On the Suitability of Attention and Saliency Methods for Model Explanation
The paper by Jasmijn Bastings and Katja Filippova titled "The elephant in the interpretability room: Why use attention as explanation when we have saliency methods?" addresses the ongoing debate over the use of attention mechanisms as explanatory tools within neural network models, particularly in the domain of NLP. The authors challenge the recent inclination towards utilizing attention weights for interpretability and advocate for a more considered focus on saliency methods.
Core Argument and Objective
The primary argument put forth by the authors is centered around the purpose of model explanations, specifically for determining which input features are pivotal to a model's prediction. The manuscript suggests that while attention mechanisms, such as those introduced by Bahdanau et al. (2015), provide weights for input tokens, they do not comprehensively explicate the decision-making process of models in a faithful manner, particularly when the intended user is a model developer concerned with the fidelity of the explanations. Instead, saliency methods, which are designed to attribute relevance to input features concerning the output, are deemed more suitable for this task.
Examination of Attention
The discourse on attention as an explanation pivots around its ability to articulate the influence of each input token on a model's prediction. Papers like those by Jain and Wallace (2019), Serrano and Smith (2019), and Wiegreffe and Pinter (2019) delve into this by evaluating the faithfulness of attention weights as indicators of feature importance. These studies reveal that attention-based explanations often diverge from gradient-based importance measures and can be altered without affecting model predictions, suggesting their limitation in capturing causal relationships between inputs and outputs.
Saliency Methods
Bastings and Filippova review various saliency methods, such as gradient-based methods, Layer-Wise Relevance Propagation (LRP), and occlusion-based techniques. Each method is discussed for its potential to provide a more direct measure of input relevance:
- Gradient-Based Methods: These methods utilize derivatives to determine the sensitivity of the model's output to changes in input features. Notably, Integrated Gradients address the saturation problem that can arise with vanilla gradients.
- Layer-Wise Relevance Propagation: This approach redistributes relevance scores layer-by-layer from the output back to the input, offering explainability by highlighting the contribution of each input across the network.

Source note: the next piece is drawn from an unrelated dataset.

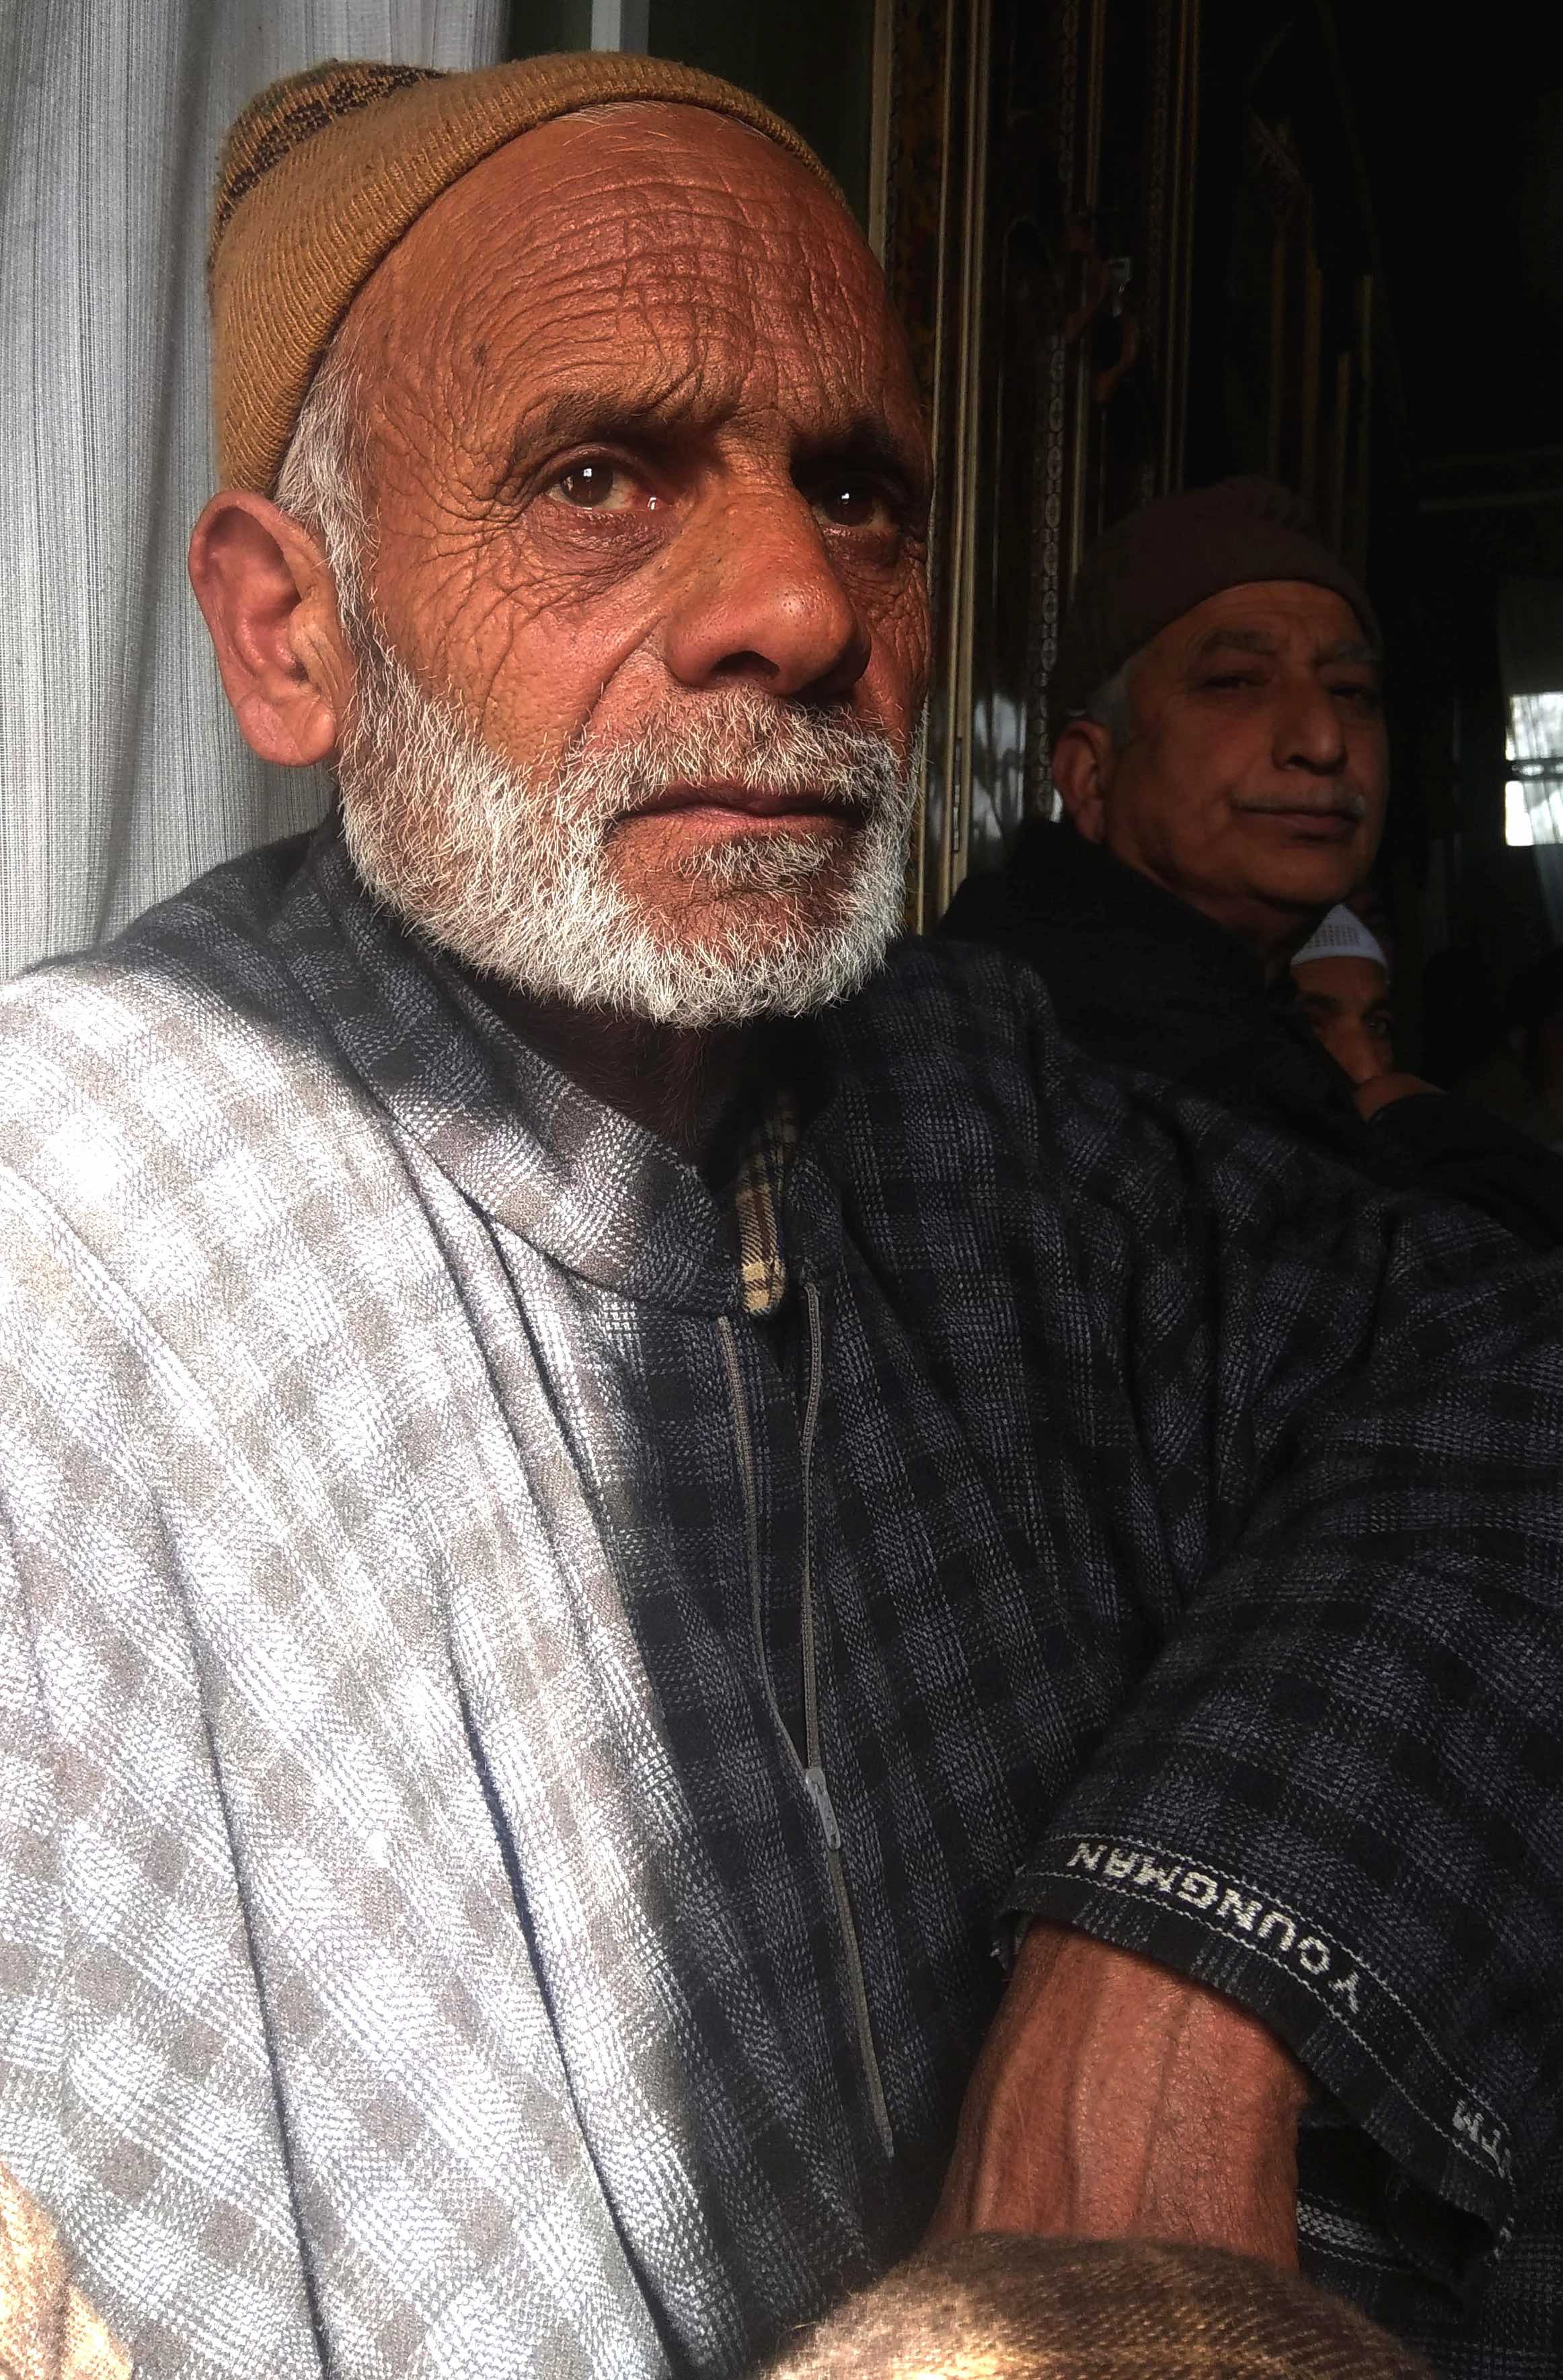 Javaid Ahmad's father, Abdul Rashid Bhat. Credit: Mudasir Ahmad

- Occlusion-Based Techniques: These involve systematically occluding parts of the input to observe changes in the output, thereby gauging feature importance based on resulting variability in model predictions.
Comparative Analysis
The authors make a compelling case for the supremacy of saliency methods over attention for explanation purposes. Saliency methods inherently aim to provide transparent accounts of how input features affect predictions, taking into account the entire network's computation path. In contrast, attention weights represent a snapshot that doesn't necessarily reflect the cumulative reasoning process of the entire model architecture.
Implications and Future Directions
The implications of moving the focus away from attention to saliency methods are substantial for developing more interpretable AI systems. By emphasizing model faithfulness, the research community can progress towards designing systems that provide more accurate and informative explanations. This shift could also pave the way for innovative techniques that integrate multiple dimensions of interpretability, potentially enhancing model transparency and trustworthiness across various applications.
Conclusion
In summary, Bastings and Filippova advocate for a recalibration of the focus in interpretability research. While they acknowledge the utility of attention mechanisms in specific contexts, their examination reaffirms that saliency methods are more aligned with the objectives of transparency and faithfulness required by model developers. This paper calls for a nuanced appreciation of interpretability objectives and highlights the need for clearly articulated goals in future research endeavors within AI.